Just a little over a year ago, Christine Perkett won a guest spot on Hubspot TV with Mike Volpe.  Christine received 40% of the vote and had the privilege of guest hosting with Mike live from their Cambridge, MA offices.  We’ve always had a huge appreciation for Mike here at PerkettPR, and appreciated him welcoming Christine so warmly and making her guest spot a really fun and rewarding experience. We were psyched he agreed to do an interview for our blog and to be a part of our Influencers who Inspire series.

Mike is the Chief Marketing Officer of HubSpot. He joined in early 2007 as the company’s fifth employee  and currently serves as Chief Marketing Officer.  He heads  HubSpot’s lead generation and branding strategy through inbound marketing, including blogging, search engine optimization, video marketing, and social  media.  Since Mike joined HubSpot, the company has  grown from 10 to 5,000 customers, expanded from five to 300 employees, and raised $65 million in venture capital.  Under Mike’s leadership, HubSpot’s marketing  has won more than 30 marketing awards and has been featured in over 20 marketing  and business books.  Mike is a cutting-edge B2B inbound marketer who speaks at  numerous conferences, hosts a weekly live marketing video podcast on HubSpot TV, is one of the 100 most popular marketers on  Twitter, consistently posts on blog.hubspot.com, and appears as  a marketing speaker at  industry conferences.  He has also guest lectured at Harvard Business School,  Babson University, Carnegie Mellon, TCU, Boston University, and MIT Sloan School of Management.

 

You wear many hats at HubSpot. How do you manage it all?

The truth is that I don’t manage it at all.  I have a great team.  At this point in our growth, there is little I can do as one person directly that has a huge impact.  The impact I can have is by setting the right strategy and playbook, making sure we have the right people on the team, and mentoring the team members to help them grow.

 

What do you love about your role at Hubspot? Anything you dislike about your role or would like to change?

I love marketing.  Call me a marketing geek, but I love thinking about marketing problems and talking about marketing.  Doing marketing at HubSpot is like a triple dose of marketing because we’re marketing our marketing software to marketers.  There isn’t much I would change – I’d love it if we had a gym in the office or had a chef cater our meals, both of which we are considering for our next space.

 

If you could golf with anyone in particular (celebrity or athlete), who would it be and who would win?

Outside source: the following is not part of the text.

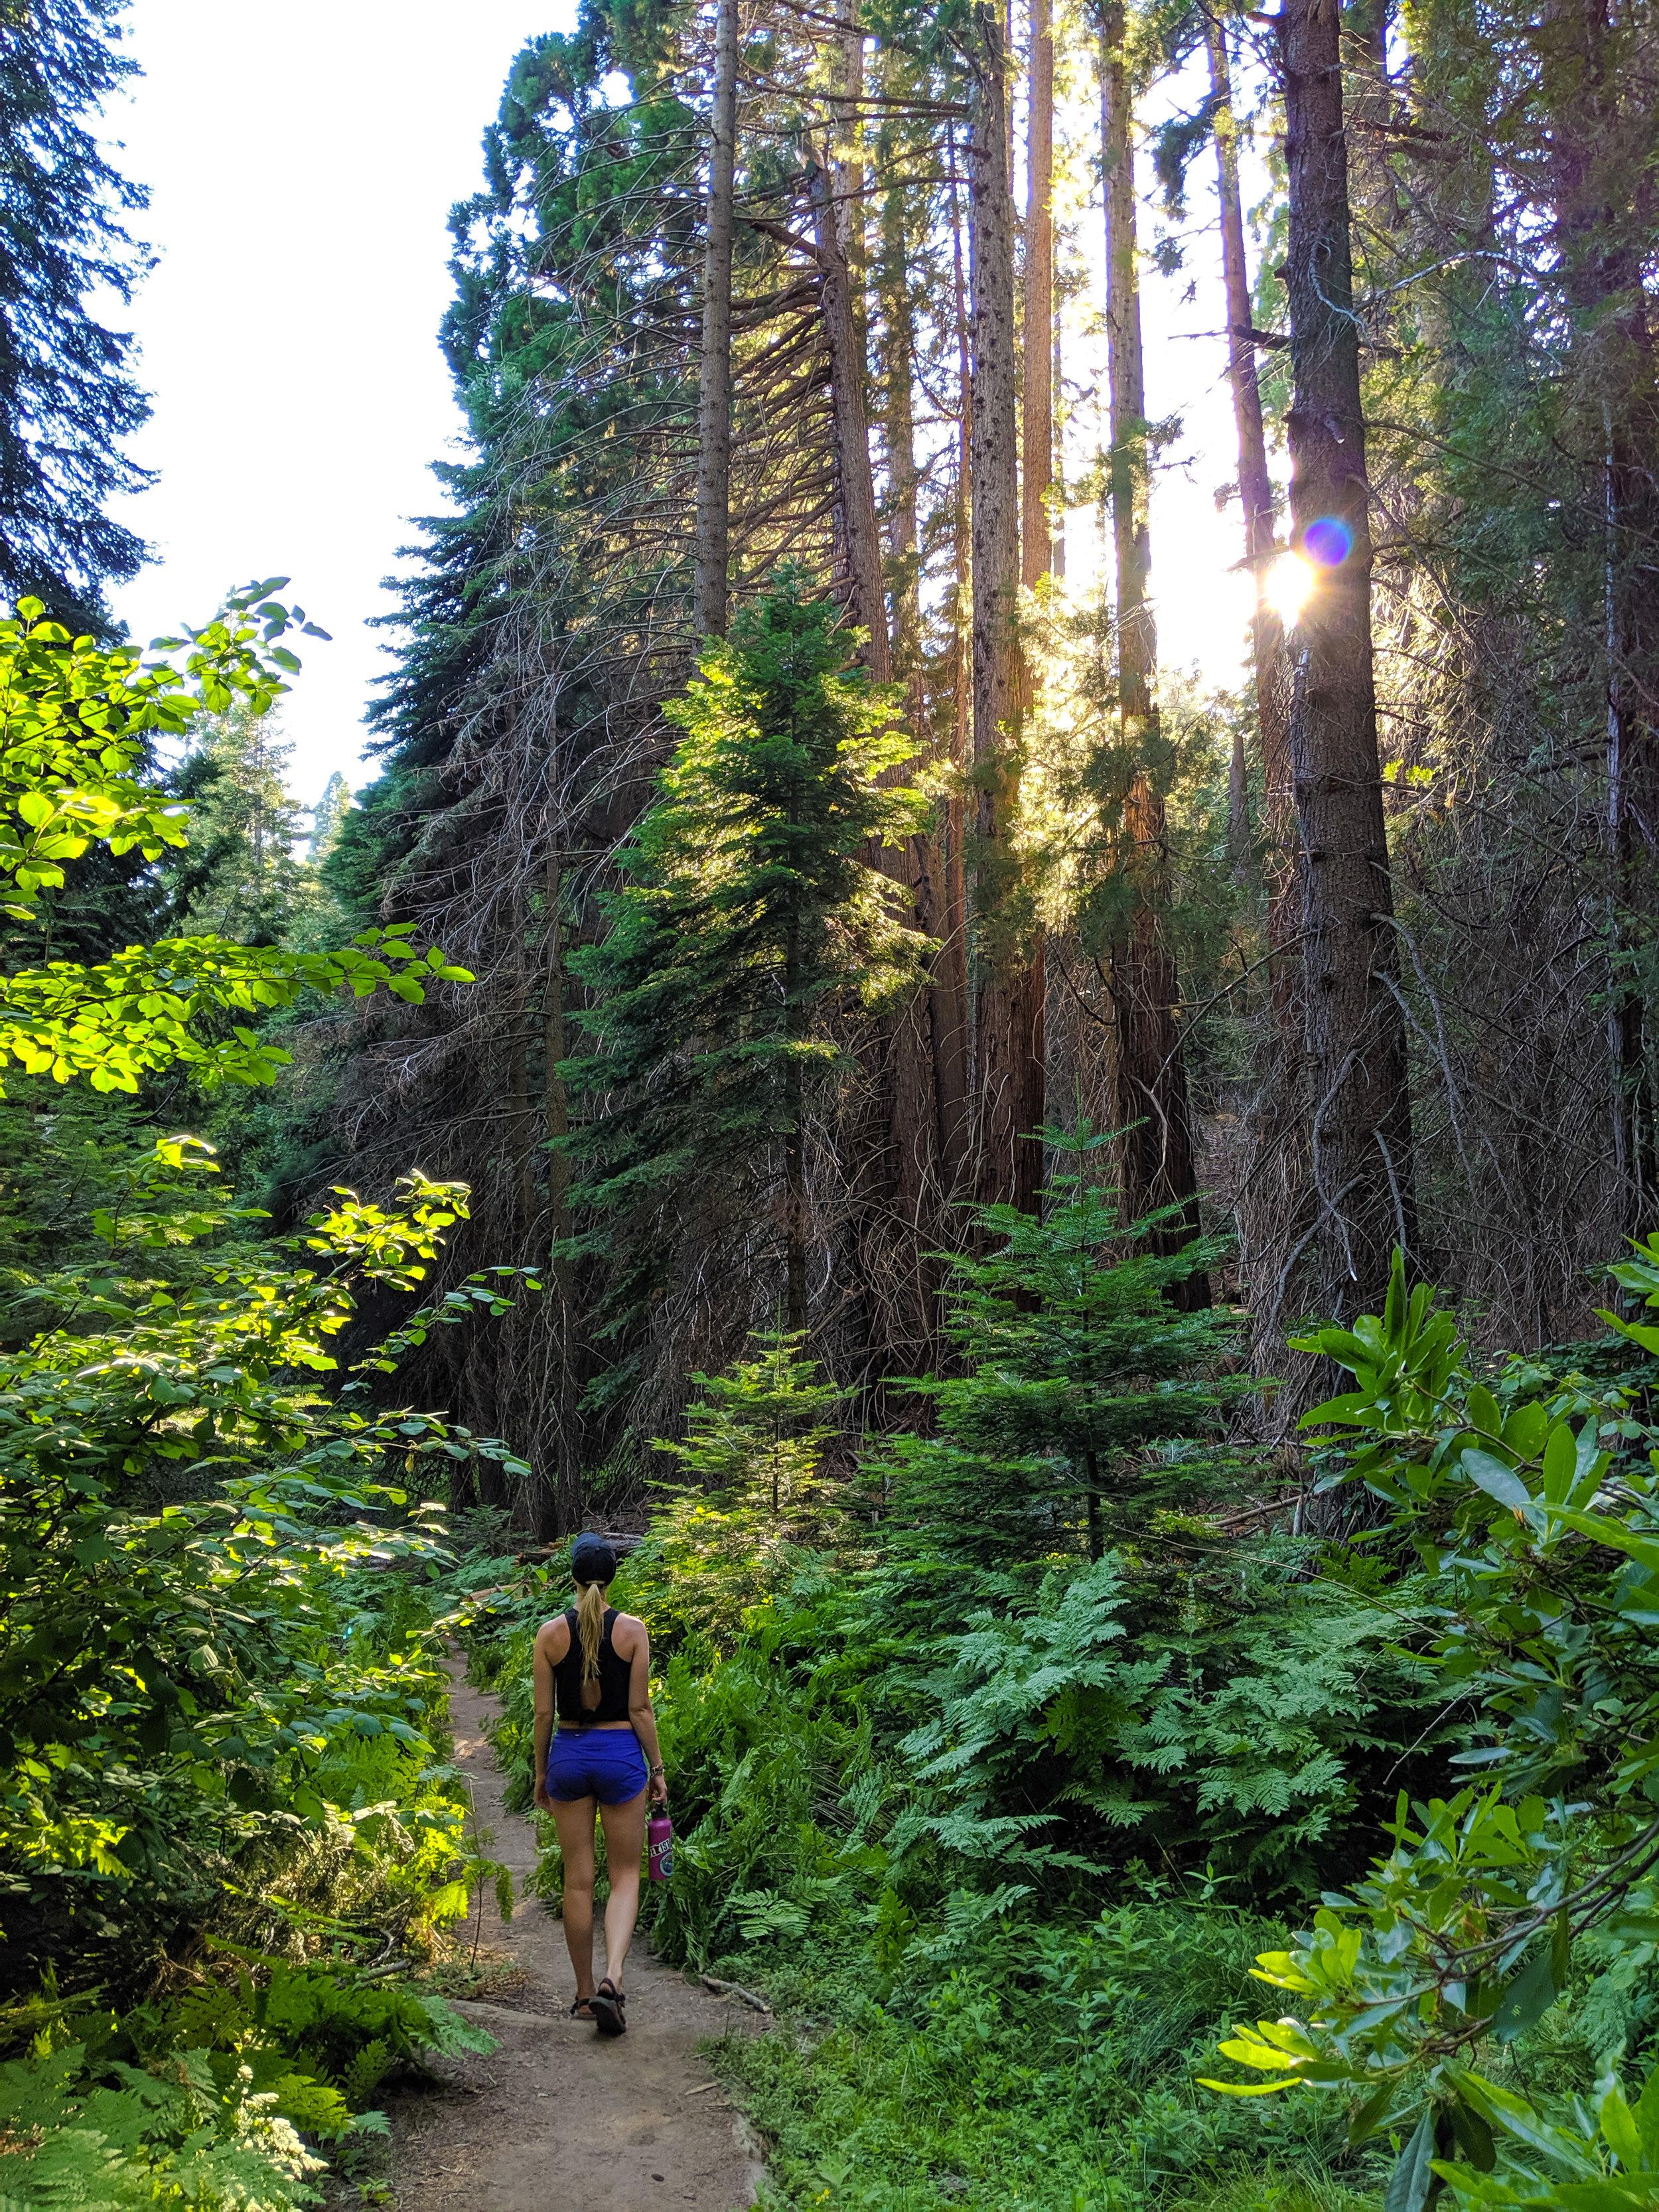 Big Stump Trail, Kings Canyon, Kings Canyon National Park, CA National Parks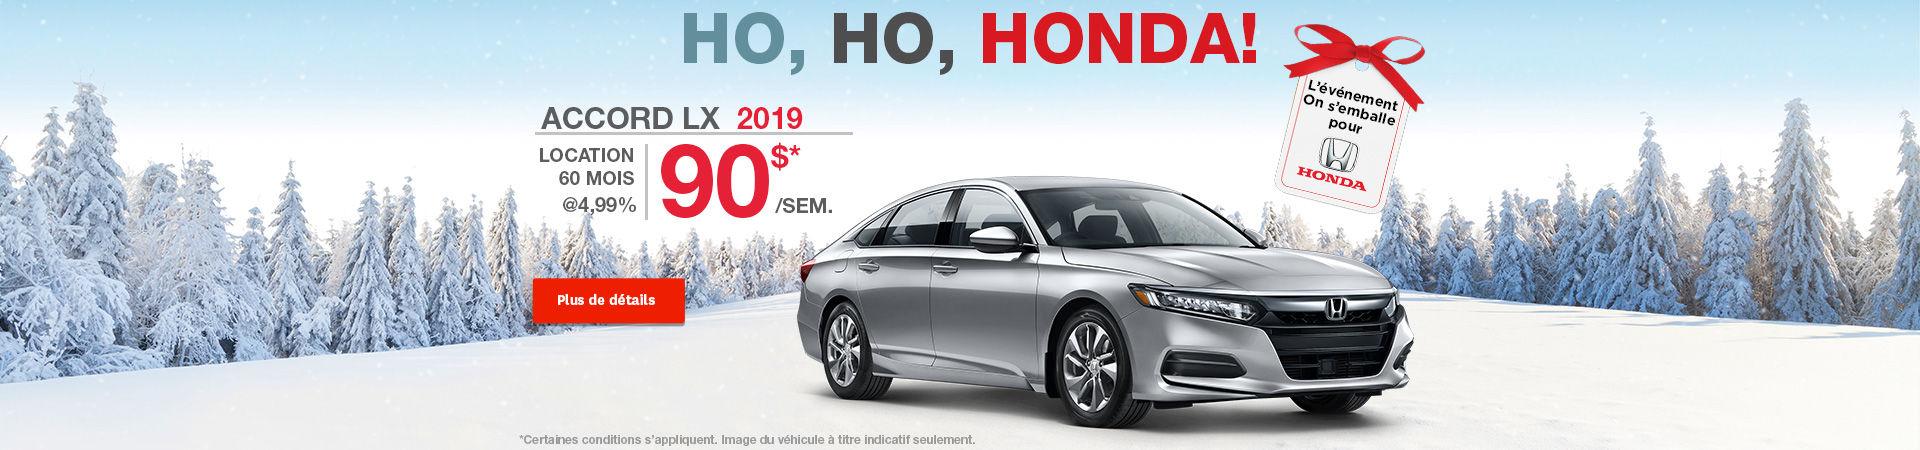 Honda  Accord - Headers

I love to golf, and Tiger Woods is the natural choice because his raw talent is a level above everyone else.  But I don’t think it would be much fun to play a round with him, it would be too intense and he’d probably get really frustrated with me really fast, and it just would not be fun.  So I’ll go with Bill Murray.  He is a good golfer and hilarious - nothing could be more fun than to play 18 with him.

 

What topics do you enjoy speaking about the most?

Is there something to speak about besides marketing?  I actually don’t speak a lot anymore, but when I do, I prefer to speak about my own experiences in marketing.  That is what I know best and I usually hate it when some “guru” is up on stage talking about marketing, yet they have not worked in marketing at a real company in years.

 

What is next for you in 2012? And, for HubSpot?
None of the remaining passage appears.